Well, well!
On International Women's Day homage is paid to the Honourable Susanna Noel 'who with her son Baptist, 3rd earl of Gainsborough, gave this well together with 6 acres of land to the use and benefit of the poor of Hampstead 20th December 1698'. The motto says:
Drink Traveller and with Strength renewed
Let a kind Thought be given
To Her who has thy thirst subdued
Then render Thanks to Heaven
The generosity of the Hon. Susanna, recently widowed when she gave this Christmas present to the Hampstead poor (of which, unlike today, there were many), should not be scoffed at as simply seeking a reward in Heaven. The well draws upon the chalybeate spring discovered a few years earlier.
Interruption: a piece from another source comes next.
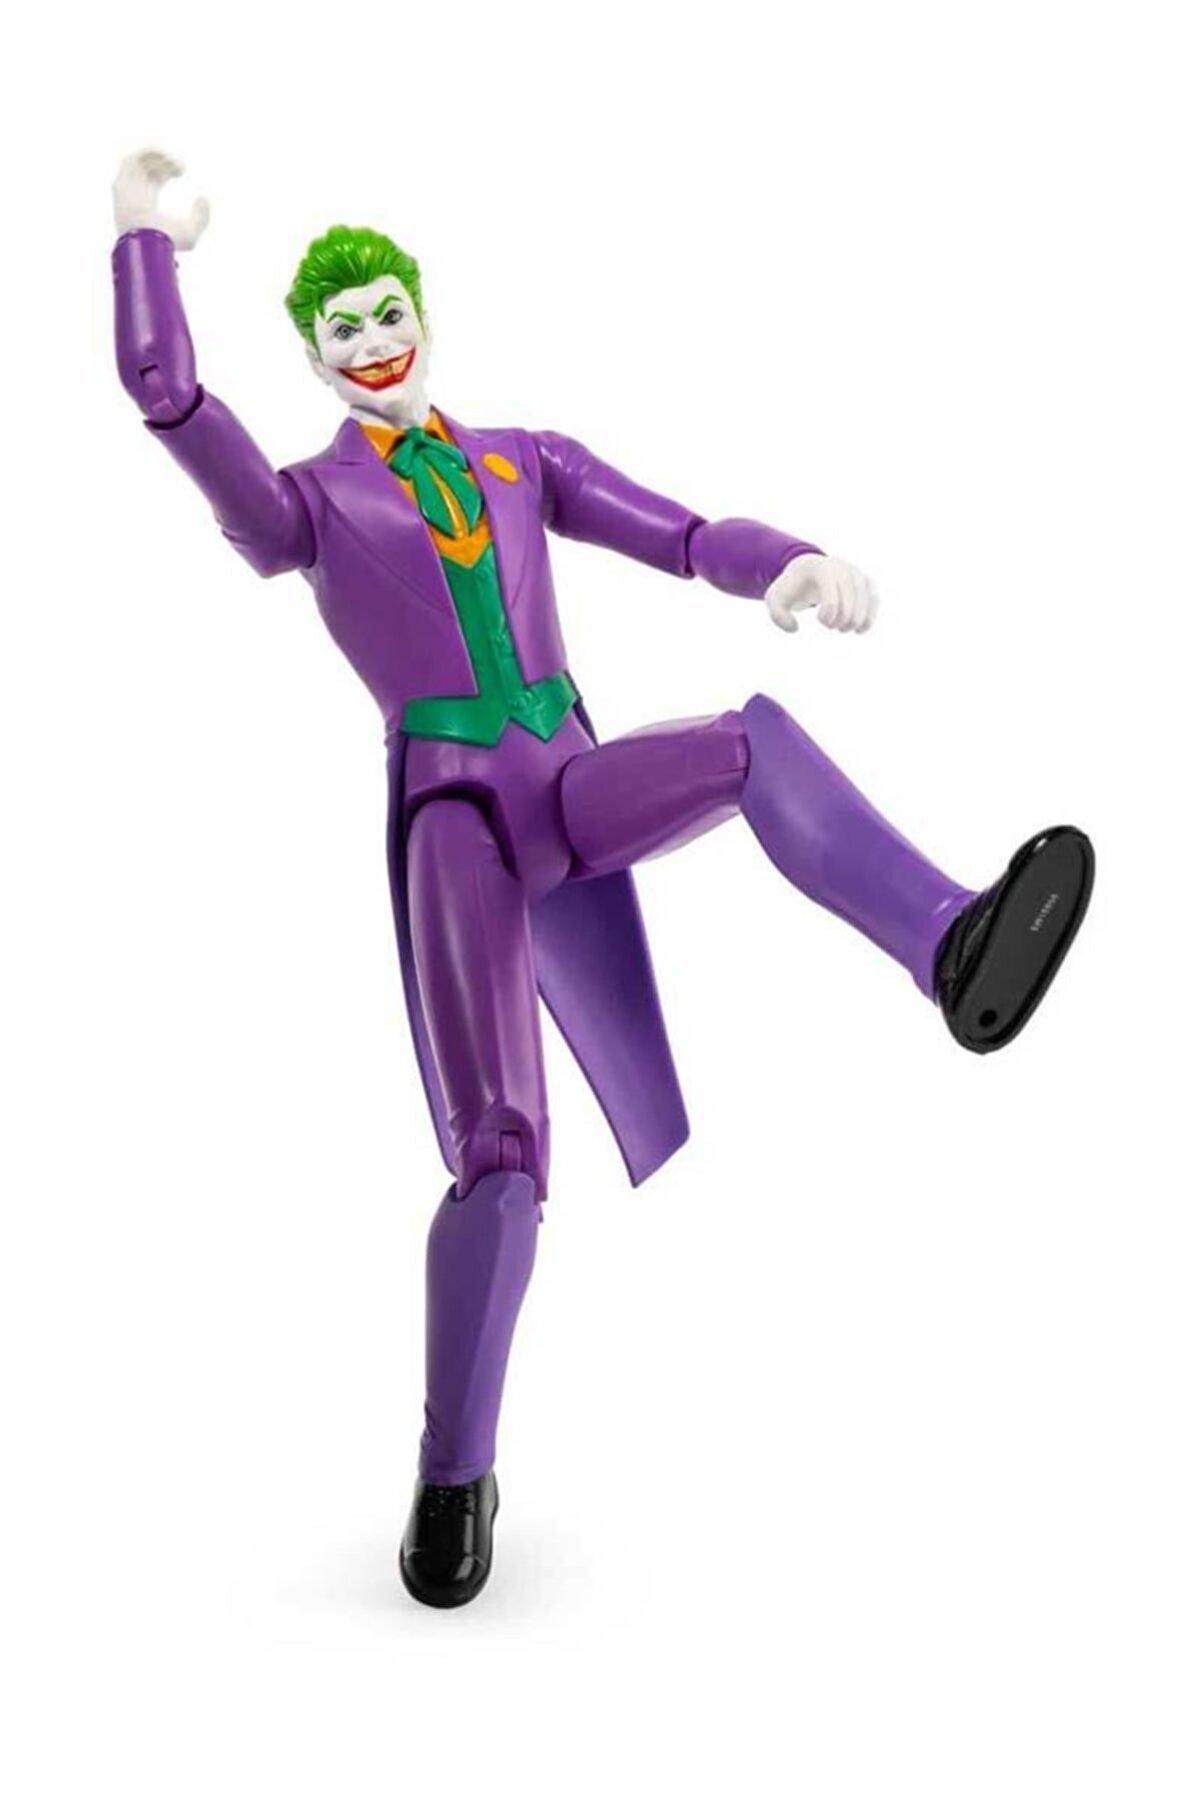 Spinmaster Batman Aksiyon Figür 30 cm. - Joker
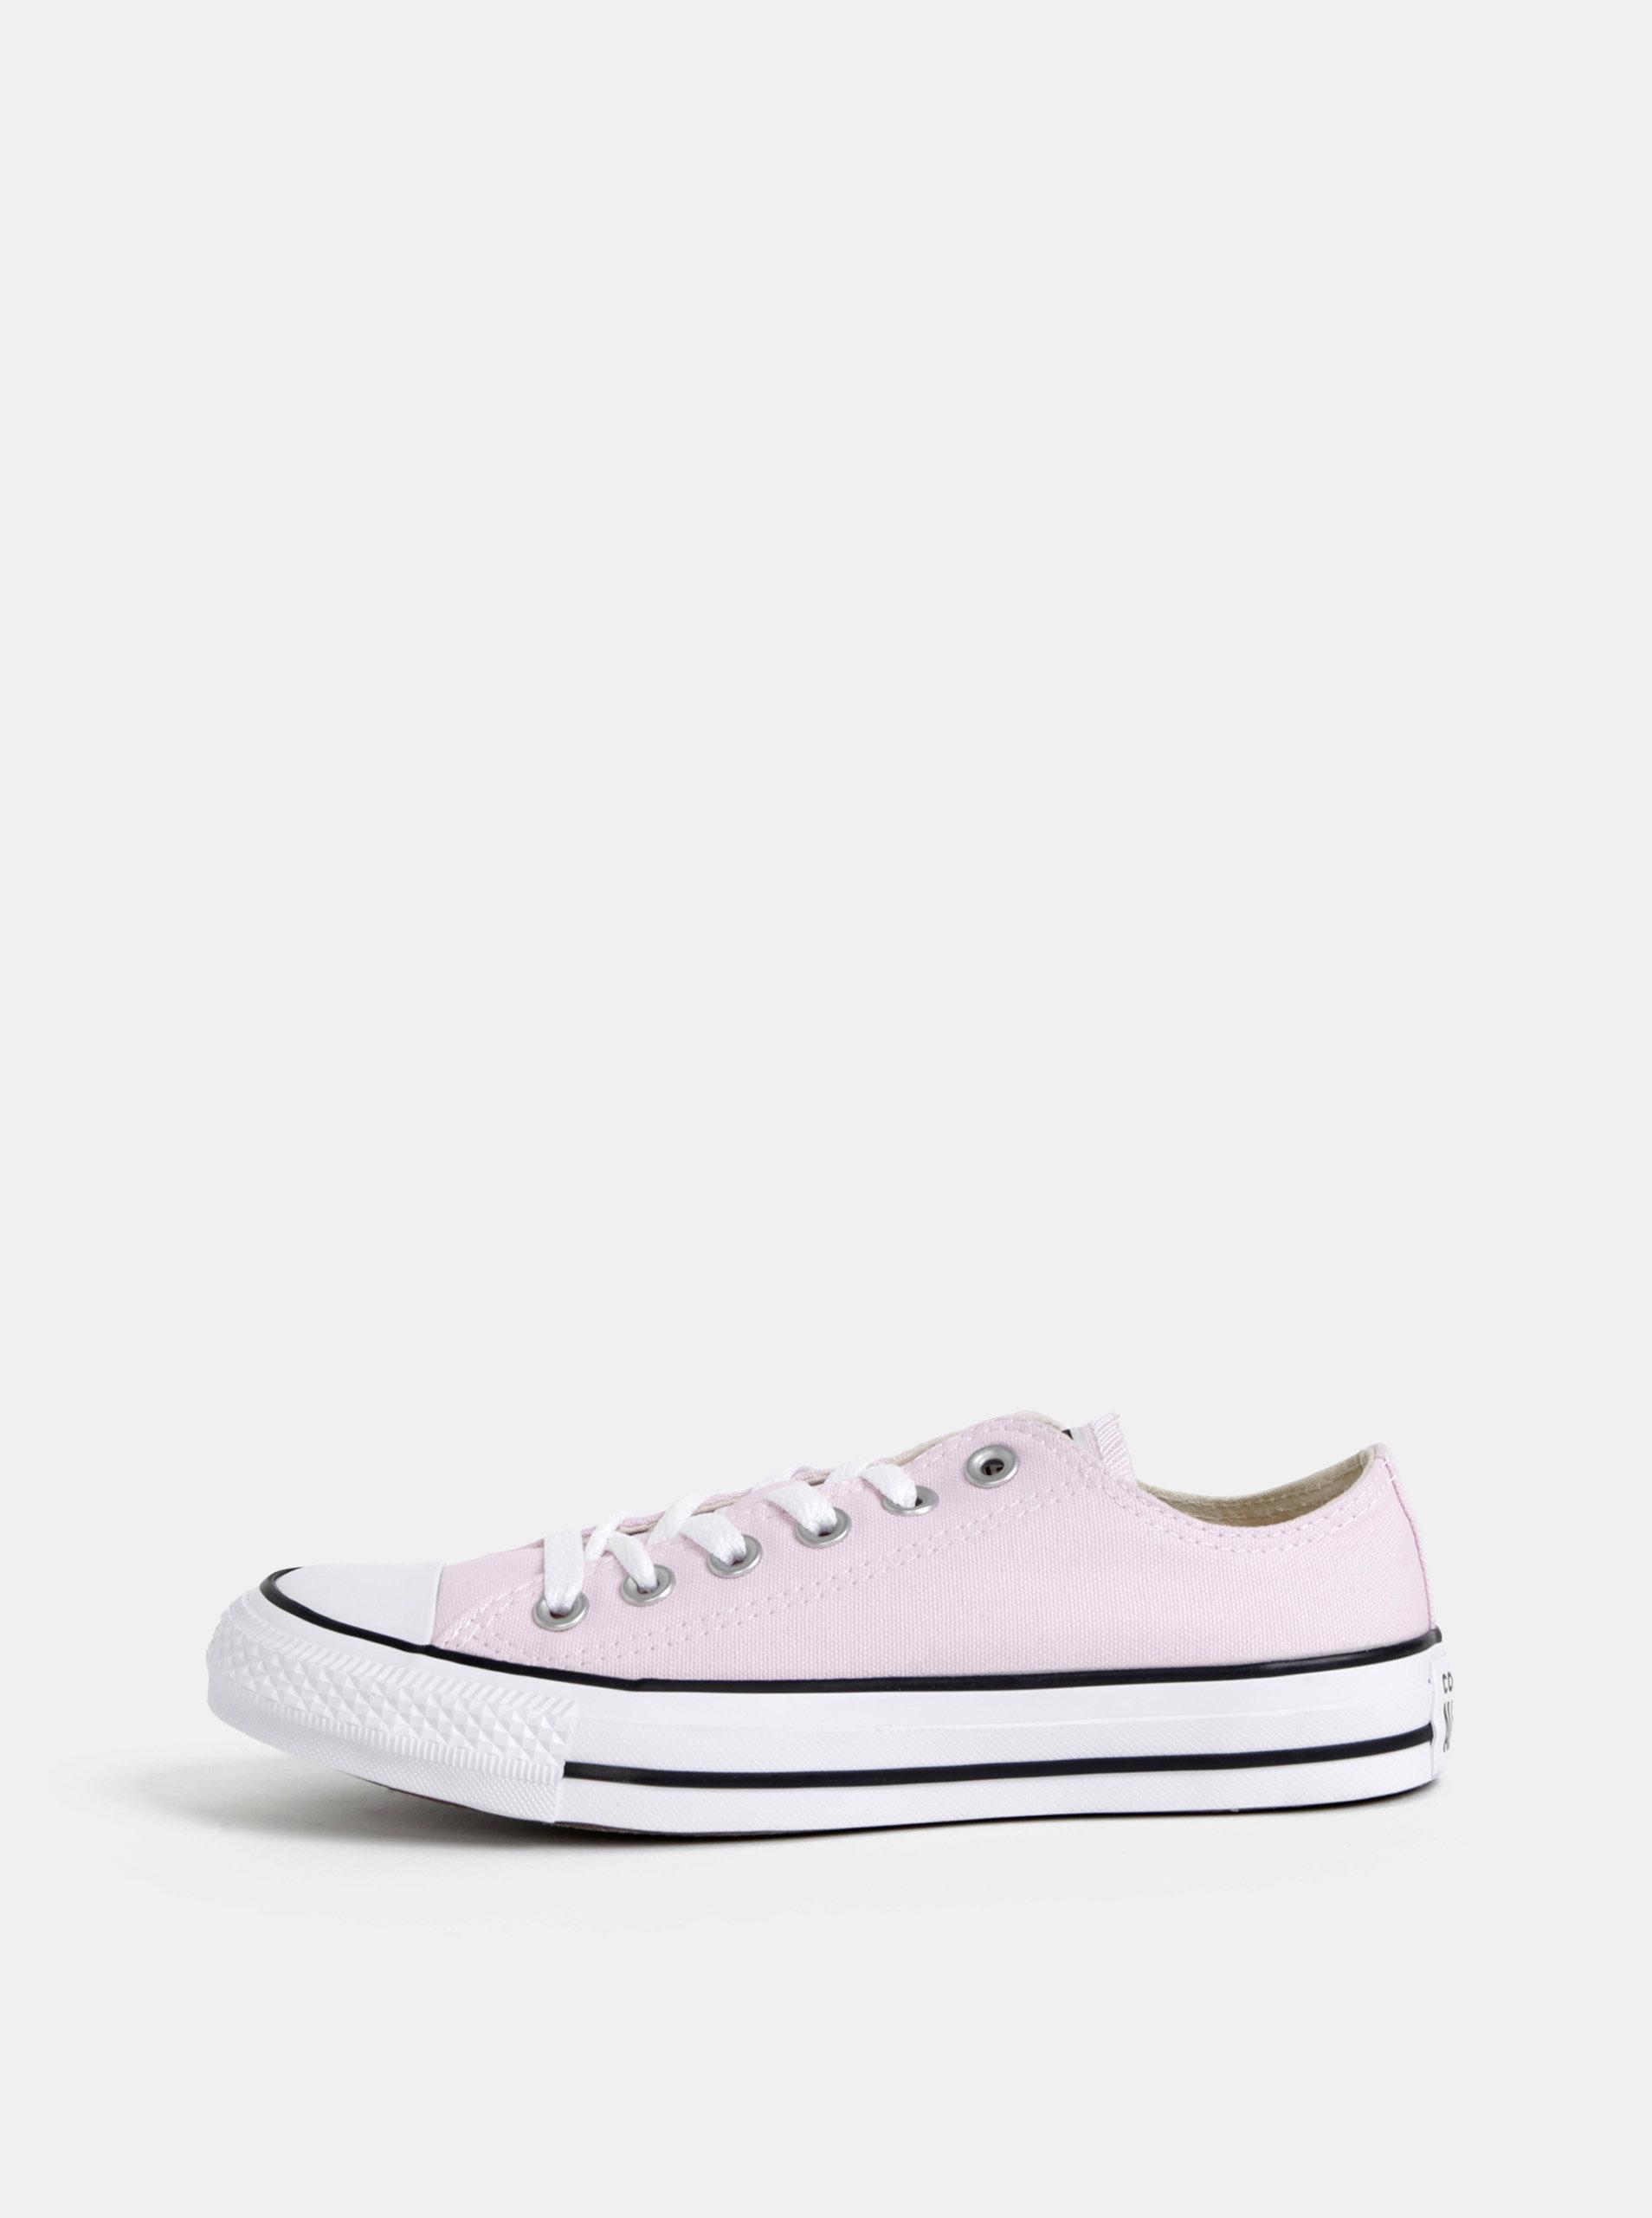 b4facc6a84 Světle růžové dámské tenisky Converse Chuck Taylor All Star ...

Its ferruginous waters, although famously foul-tasting, were highly regarded as a remedy for neurosis, hysteria and of course anaemia - all conditions, it must be said, to which women were judged particularly prone. Flasks of well water would be bottled here to be sold in London at the Eagle and Child in Fleet Street every morning at 3 pence per flask; and conveyed to persons at their own homes for one penny per flask more. The flask to be returned daily.
So, a nice little earner for Hampstead folk who were prepared to get up early, fill the flasks, walk the few miles down to the pub in Fleet St., deliver (and collect) the flasks to customers, and trudge back up the hill at the end of the day a bob or two richer - all thanks to Sue.